Material provided =>
■ ■ ■ ■
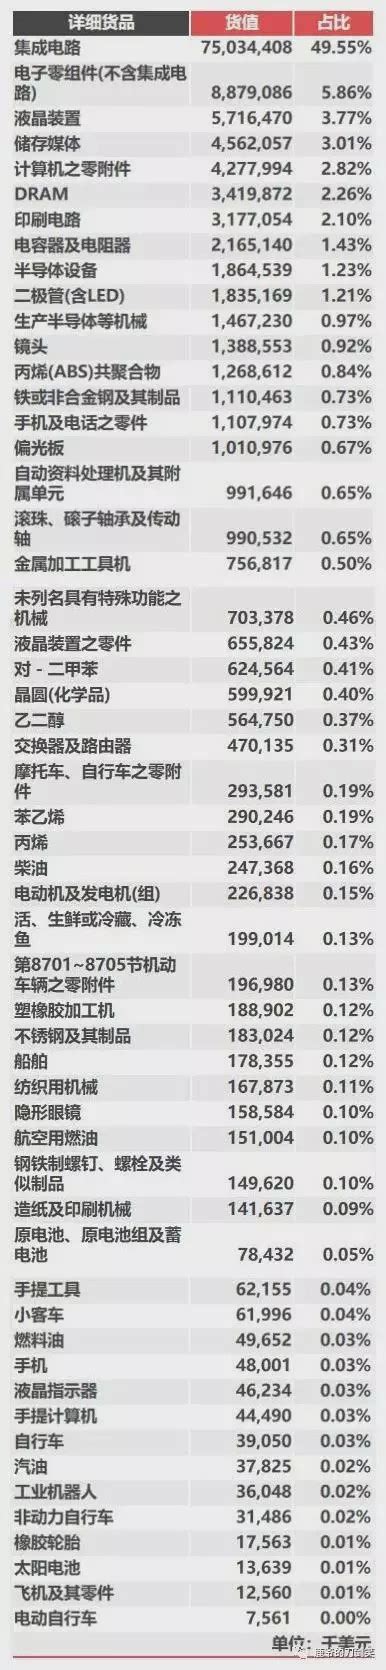 5月台湾对大陆出口增加三成，是对美国的三倍
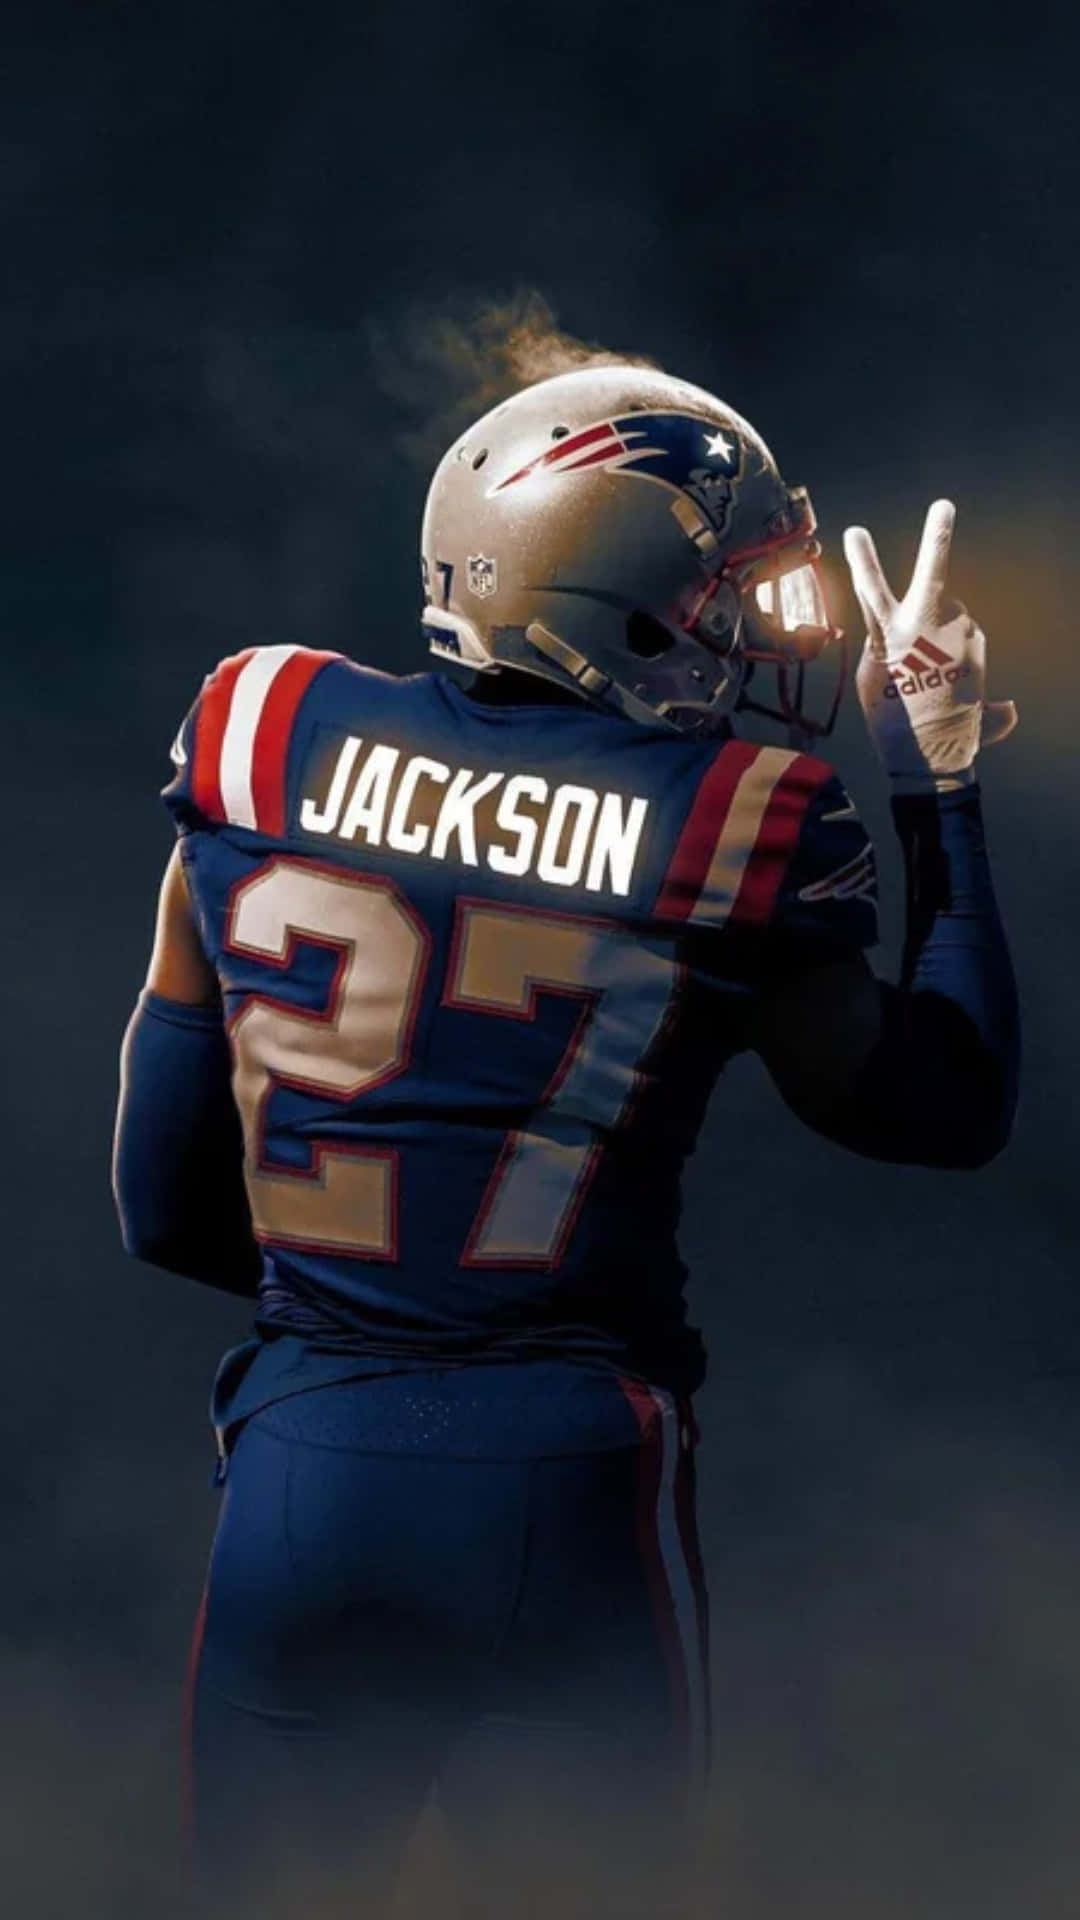 Nuovaarte Digitale Dello Cornerback Dei New England Patriots, Jc Jackson Sfondo
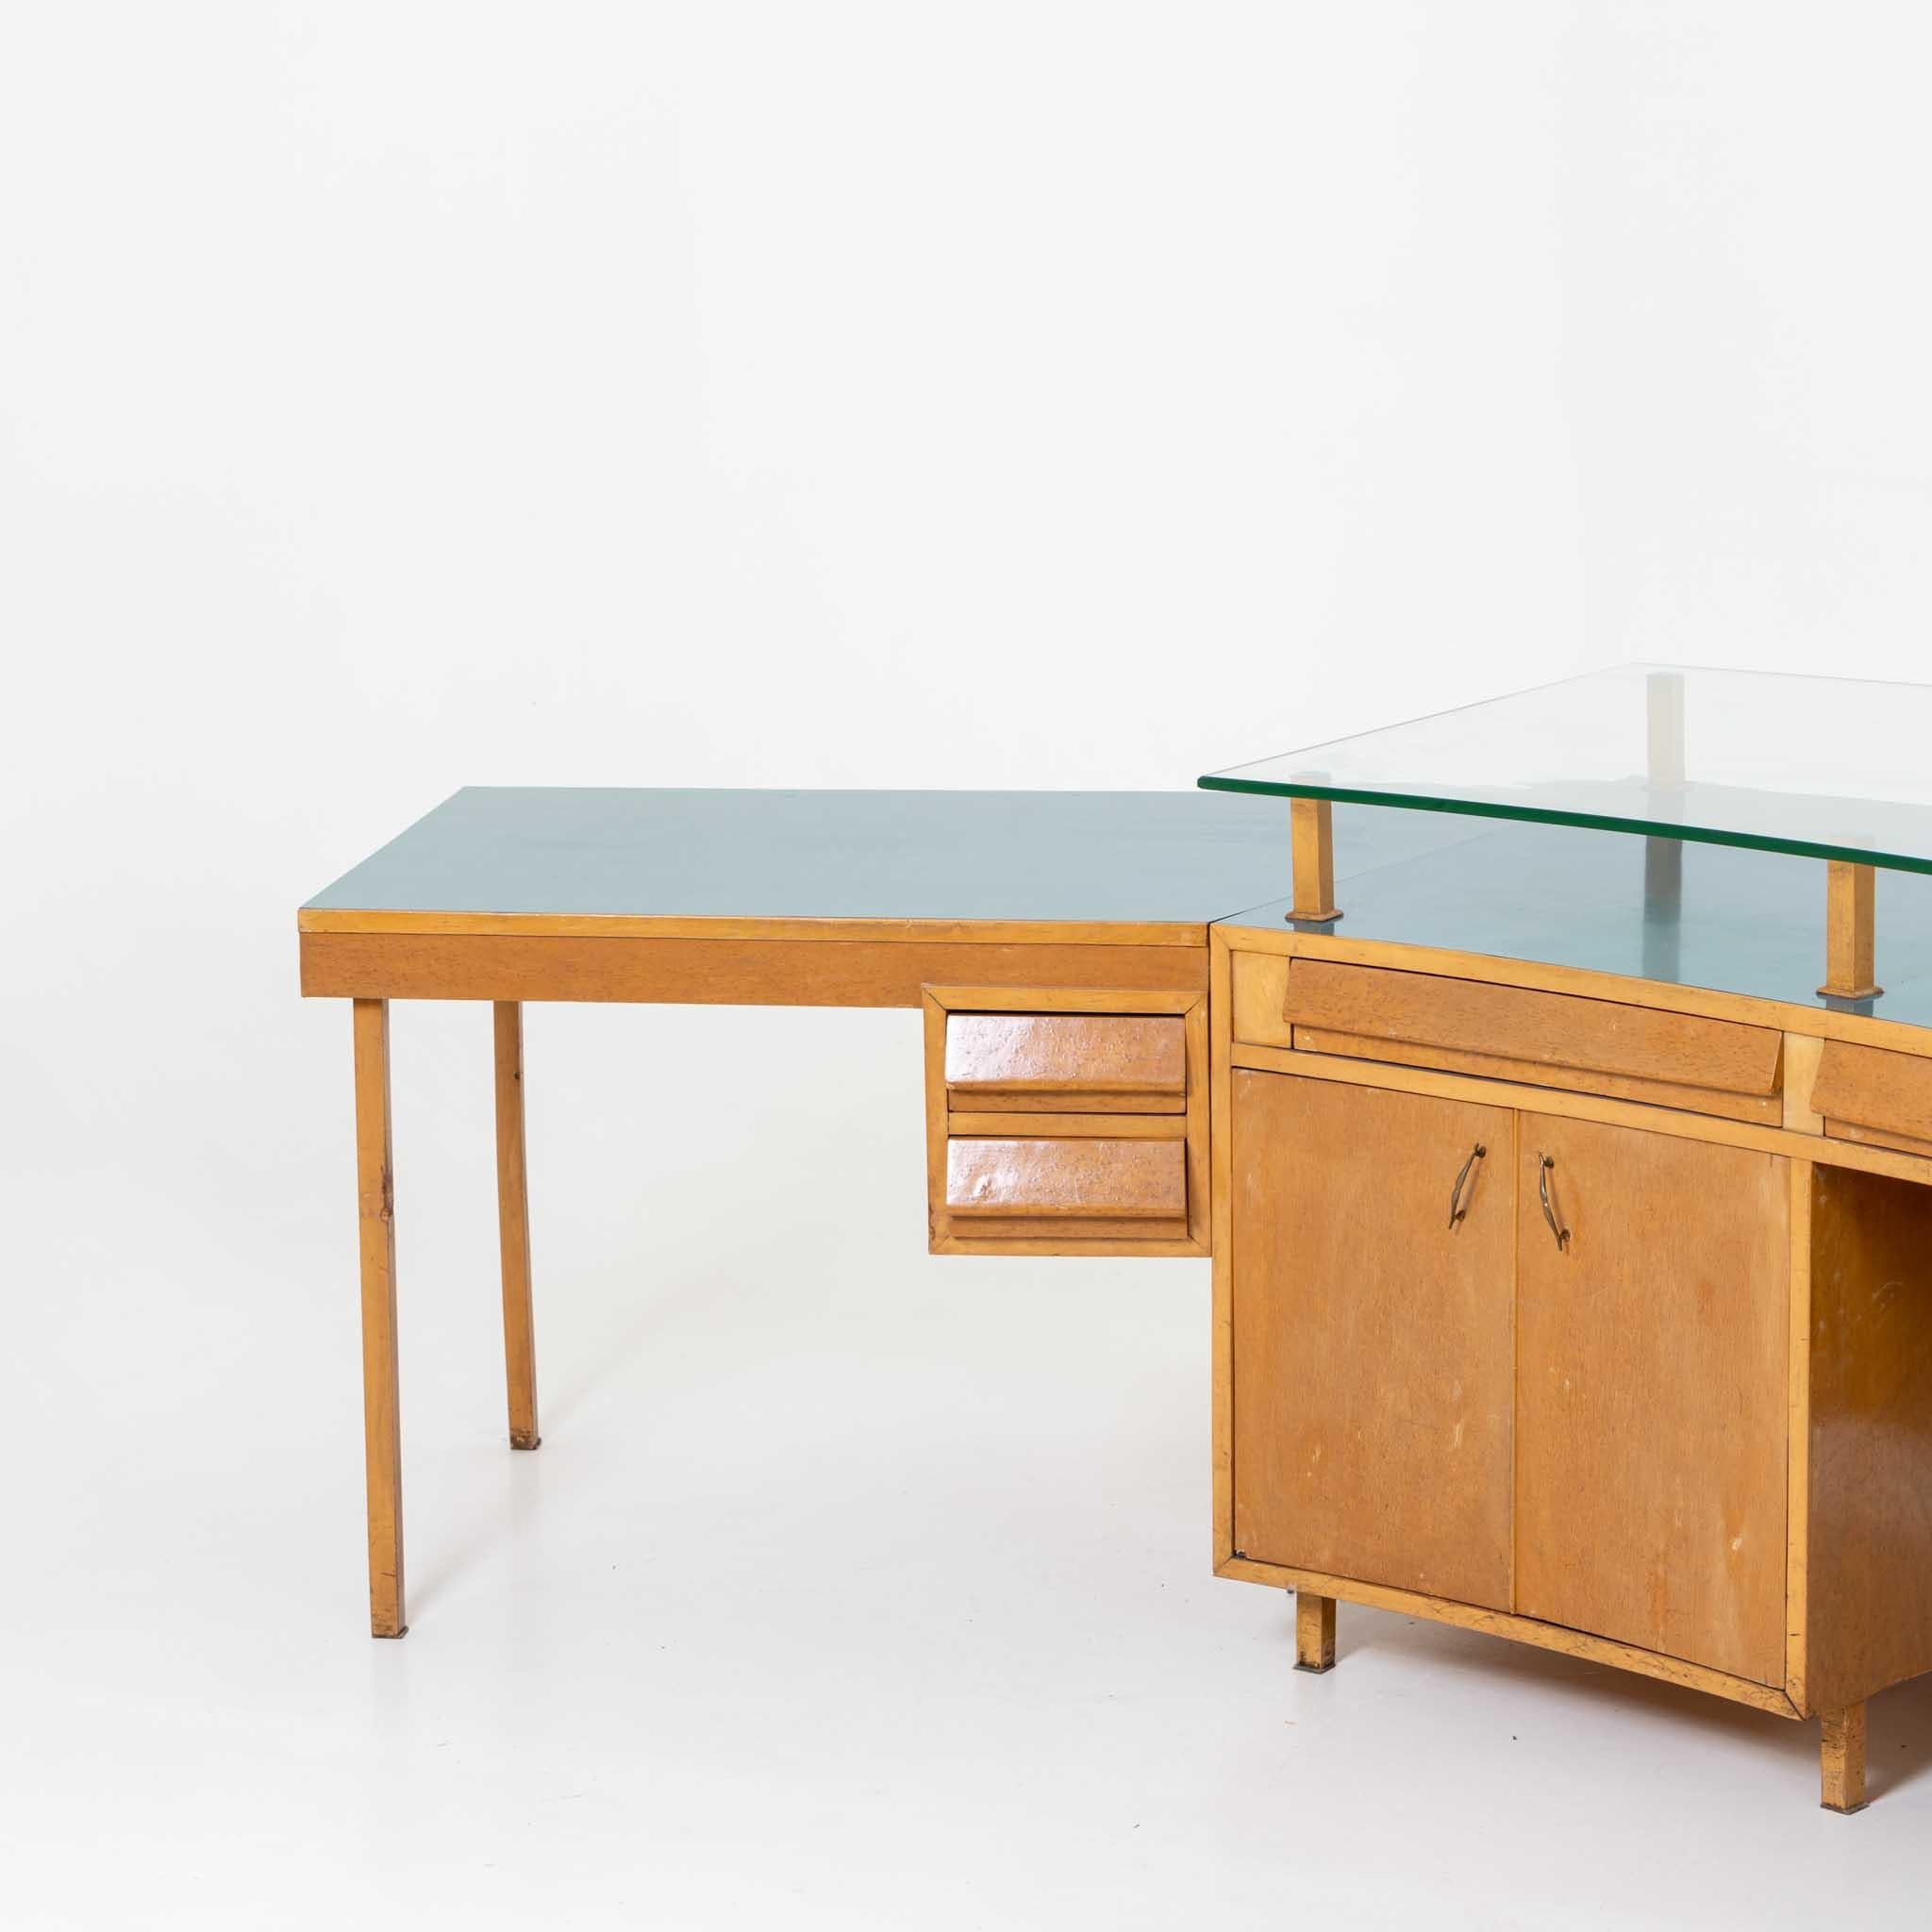 Italian Studio Desk, designed by Vittorio Armellini, Italy Mid-20th Century For Sale
■ ■ ■ ■
Without including any images, output the data exactly as given.

 5月台湾对大陆出口增加三成，是对美国的三倍
 Nuovaarte Digitale Dello Cornerback Dei New England Patriots, Jc Jackson Sfondo
 Italian Studio Desk, designed by Vittorio Armellini, Italy Mid-20th Century For Sale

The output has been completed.